The level of irony this music achieves is almost unparalleled with its effect on mood. While a minor progression with a dark melody can be very depressing, a major progression with a bright melody that is turned into something dark, is infinitely more depressing. Rather than presenting sadness and anger, Drowning the Light presents hope and then stomps all the fuck over it. The only way to describe the music is metaphorically because beyond saying that it is really poorly recorded guitars, drum machine, and screams, there is no way to illustrate the genius.

I could individually point out moments in songs that are fucking mind-blowing, but that would take forever. There is just one moment, in one song, that I want to talk about, because goddamn I just love it. In the song “The Will To Survive” (which is a good example of the unbridled irony), well the whole song is spectacular, but at about the 5 minute mark something special happens. The guitars cut out, and a strange instrument starts playing, like a keyboard making a bell tone I guess, playing a kind of a bittersweet melody, and there is this screaming over it, which I believe is sampled, and I don’t know whether to call it screaming or crying, but jesus fucking christ it makes me shiver it is so devastatingly depressing.
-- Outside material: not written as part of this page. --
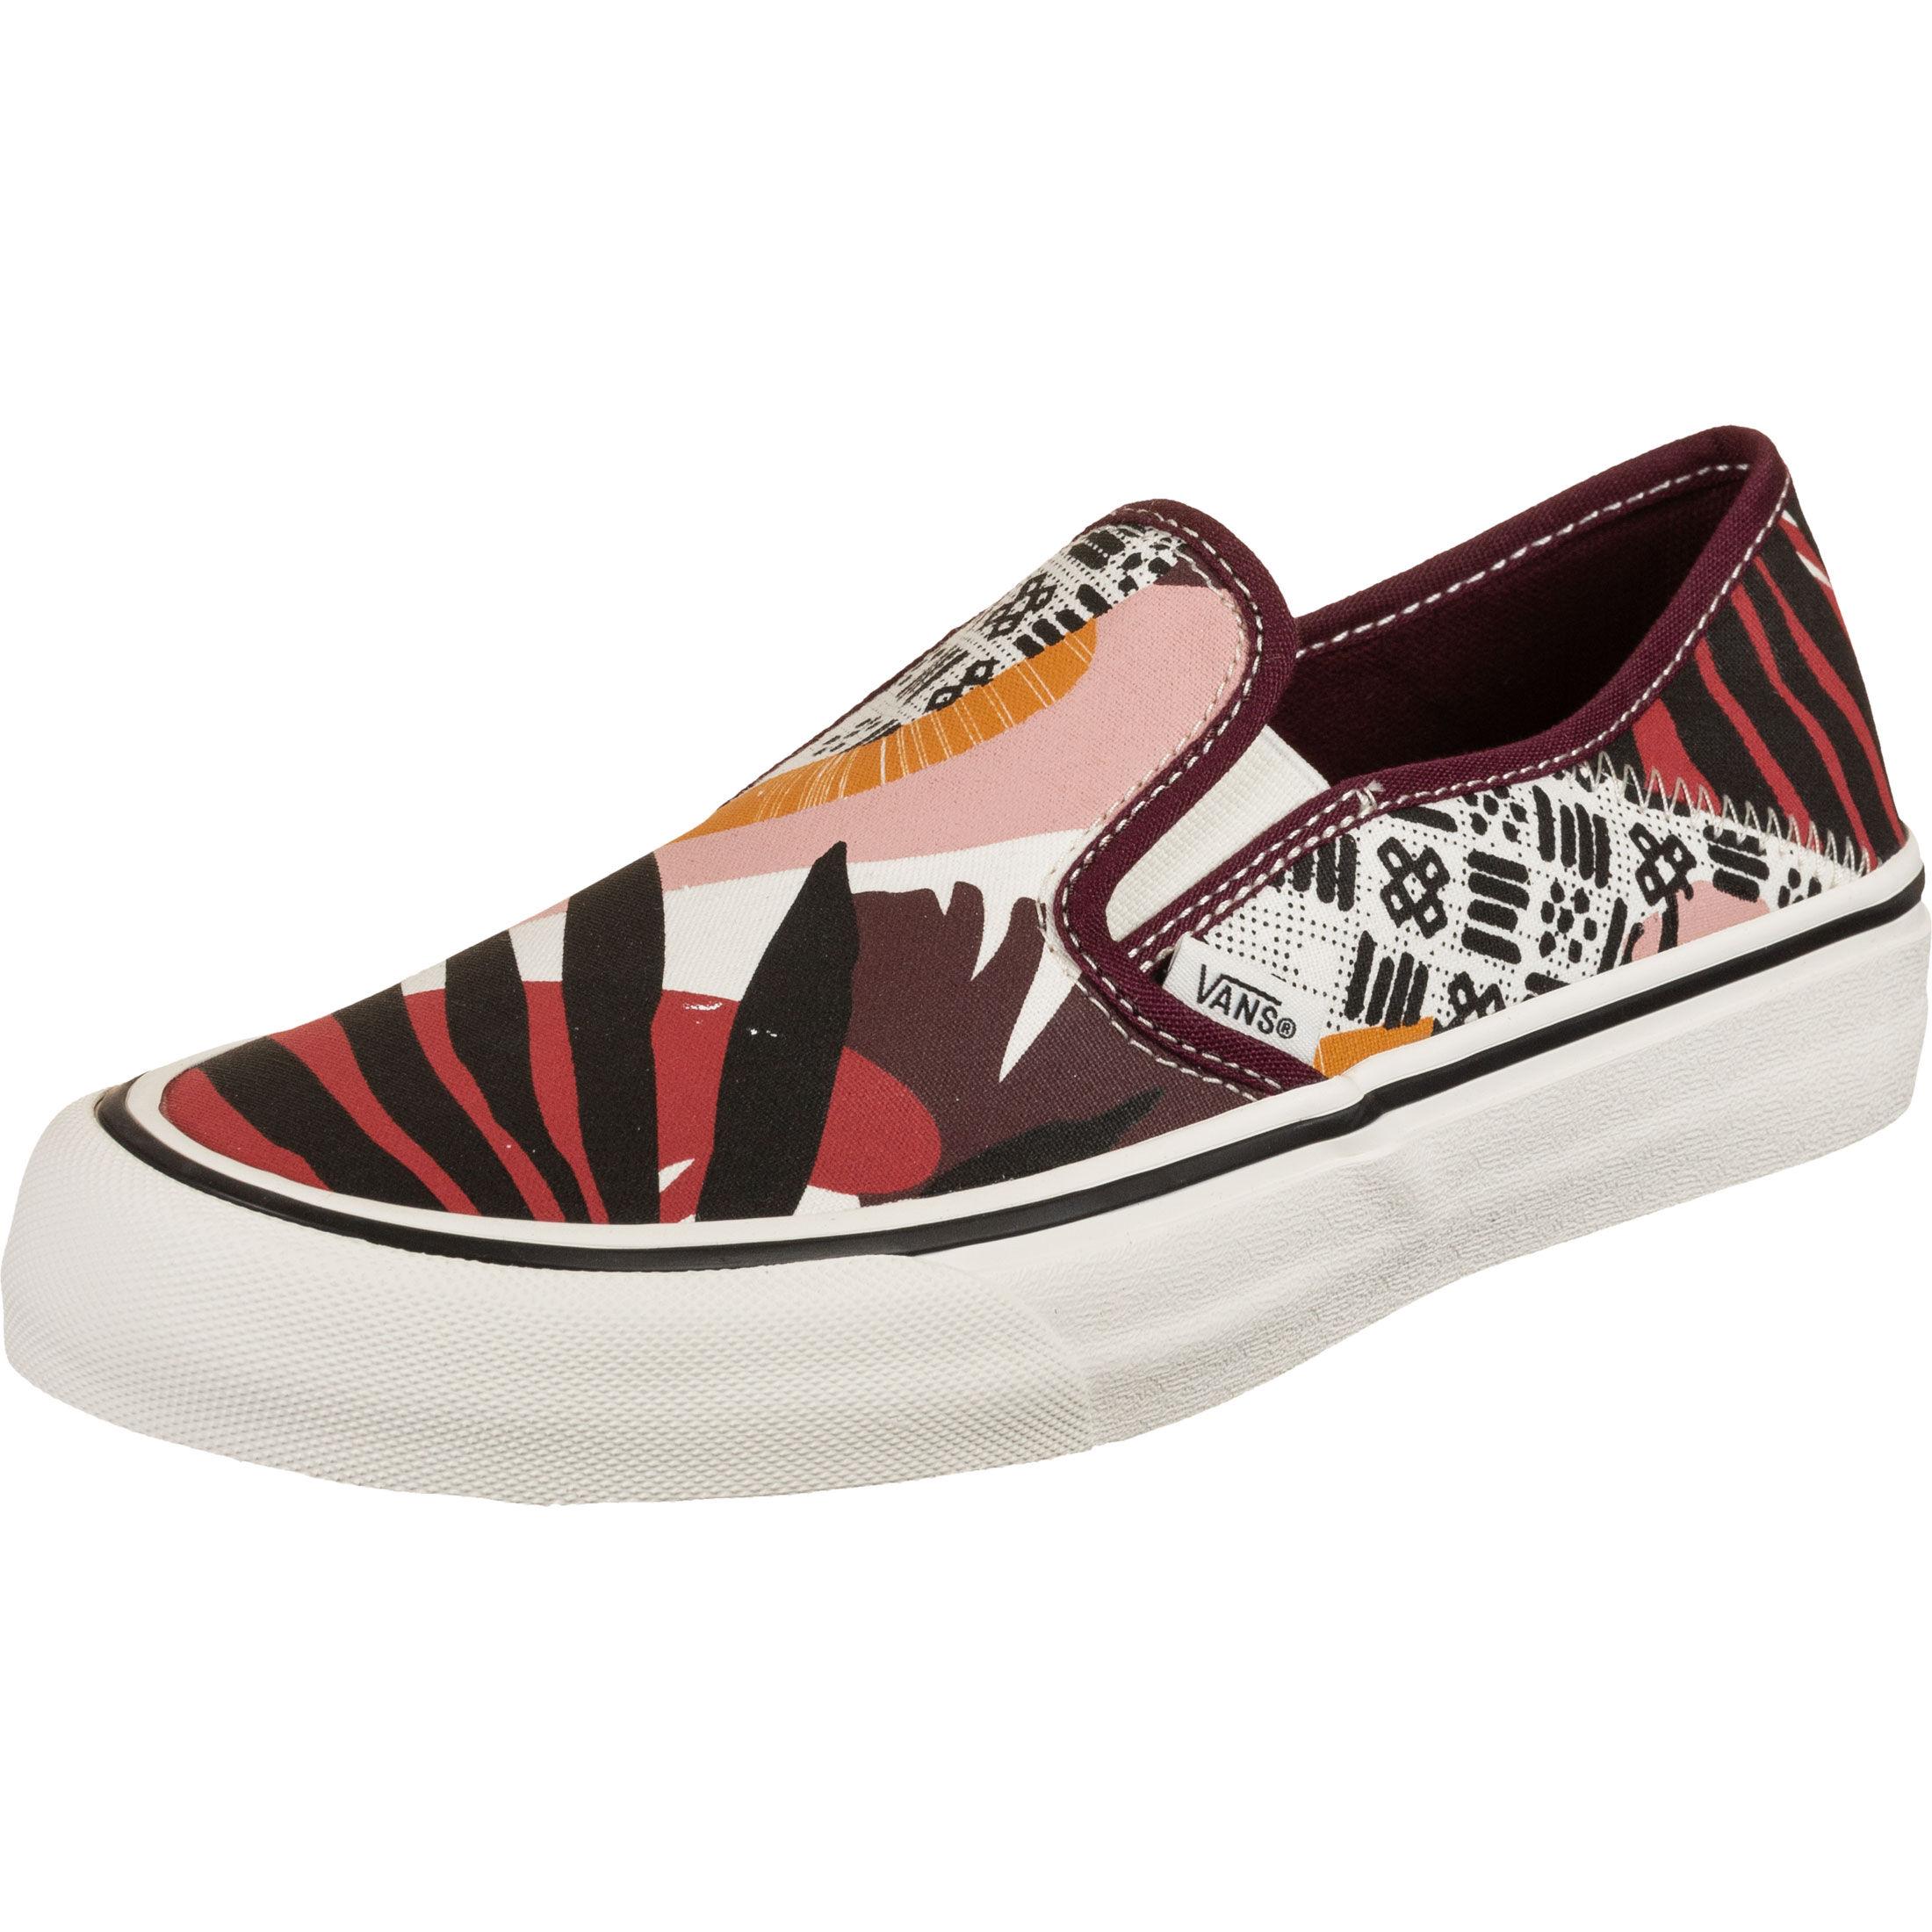 Vans Palm Floral Slip- On SF - Sneaker basse su Stylefile

No more to say about that – listen for yourself, if that part doesn’t have some effect on you then you might as well stop reading my reviews right now.

This review was originally intended to ecompass both “To The End of Time” and “Through The Noose of Existence”, but due to the technicalities of this website I am picking one. Somehow, Drowning the Light has released something like 5 separate recordings this year alone, including 2 full lenghts and a couple promos. I don’t know the details except that the 2 LPs are absolutely packed, end to end, with brilliant material. There isn’t a weak song on them, that is the truth. The songwriting is absolutely fucking stunning, each song finds a new way to tug on the heart-strings (or snip them off).

I’m expecting some incredible things from Drowning the Light, and make no mistake that I plan on hunting down every last of their recordings after hearing this brilliance.